Transcribe the listing verbatim, please, with images dropped.

> [Supplied information]:
*** Begin section ***
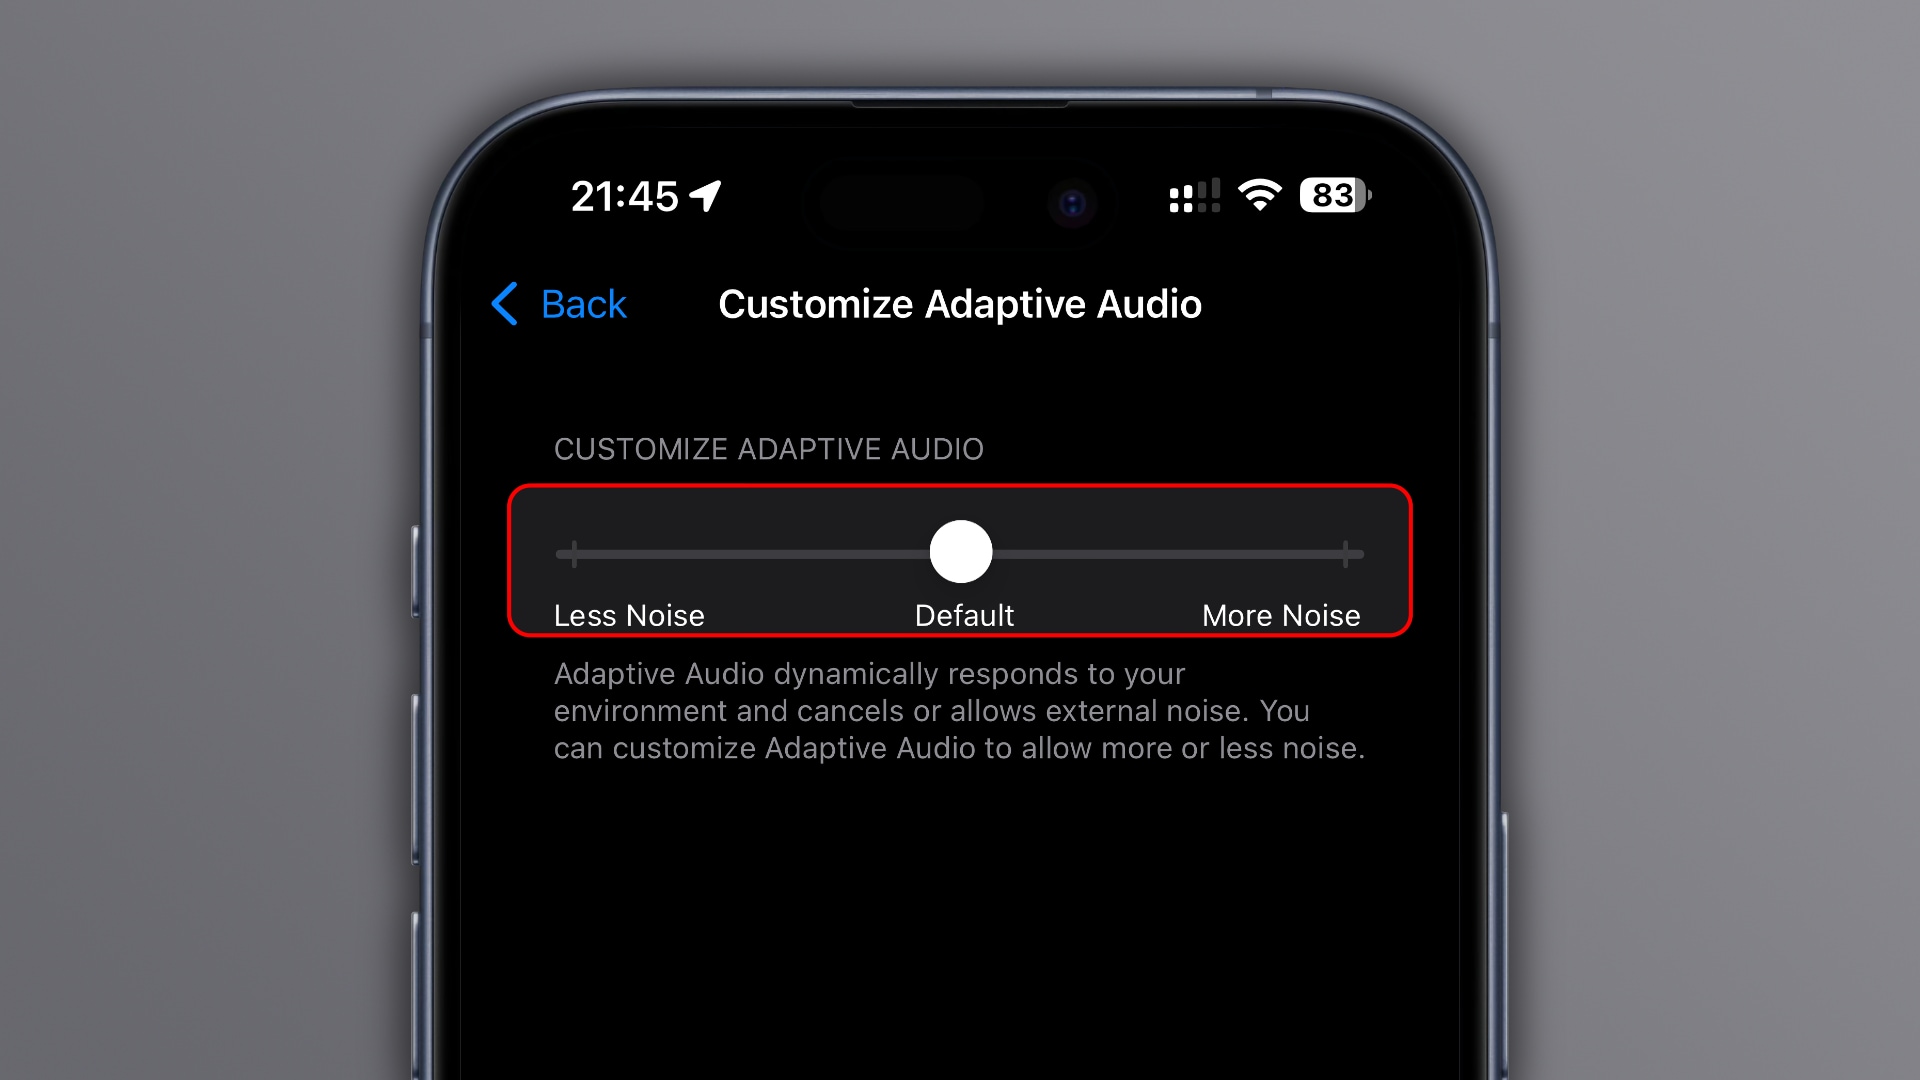 An iPhone showing the Customize Adaptive Audio screen in the Settings app with the slider to allow more or less external noise, set a against a light gray gradient background
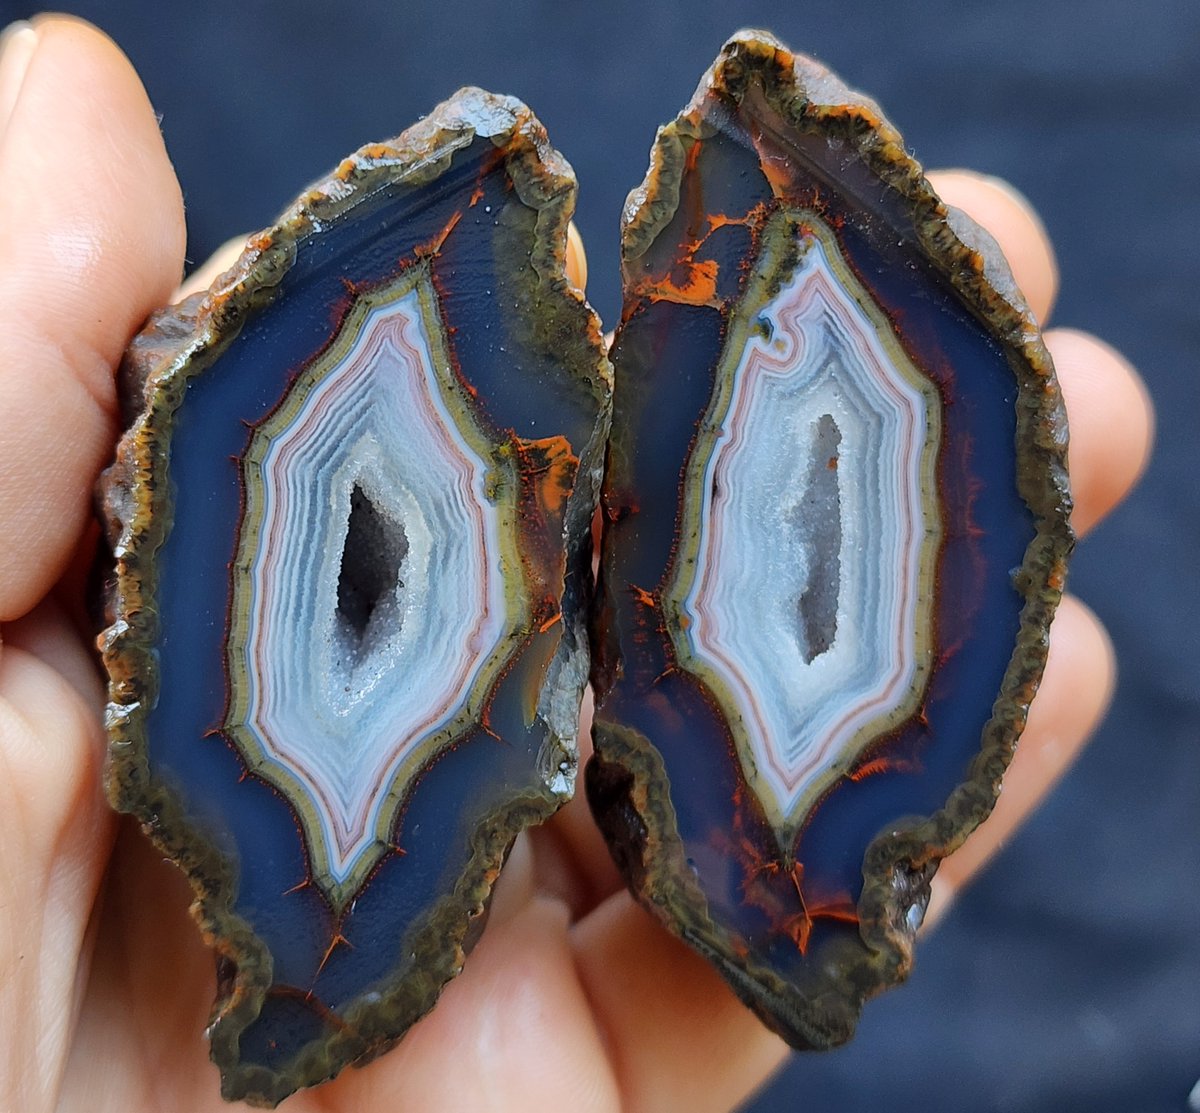 Banded  Druzy Geode
#agate #agata #achate #agatecollector #NFTs #PhotographyIsArt #photographer #nature #naturelovers #natural #Collectibles #crystals #geode #GeologistsDay #geology #geologyrocks #blueagate
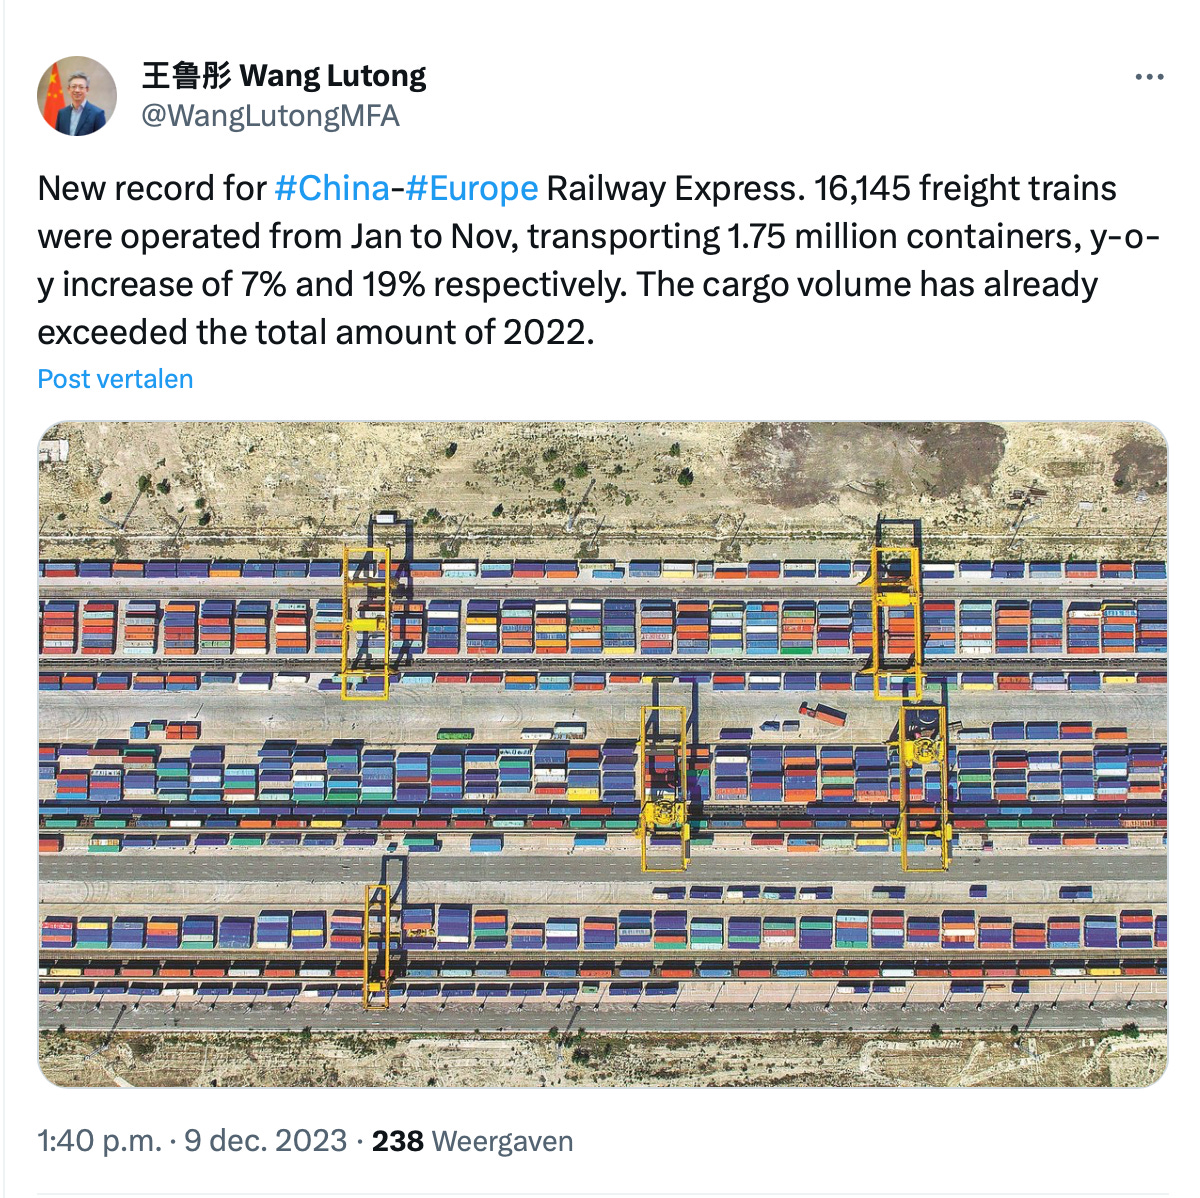 Tweet by Wang Lutong: ‘New record for #China-#Europe Railway Express. 16,145 freight trains were operated from Jan to Nov, transporting 1.75 million containers, y-o-y increase of 7% and 19% respectively. The cargo volume has already exceeded the total amount of 2022.’
*** End section ***
> [Exercise answer]:
 An iPhone showing the Customize Adaptive Audio screen in the Settings app with the slider to allow more or less external noise, set a against a light gray gradient background
 Banded  Druzy Geode
#agate #agata #achate #agatecollector #NFTs #PhotographyIsArt #photographer #nature #naturelovers #natural #Collectibles #crystals #geode #GeologistsDay #geology #geologyrocks #blueagate
 Tweet by Wang Lutong: ‘New record for #China-#Europe Railway Express. 16,145 freight trains were operated from Jan to Nov, transporting 1.75 million containers, y-o-y increase of 7% and 19% respectively. The cargo volume has already exceeded the total amount of 2022.’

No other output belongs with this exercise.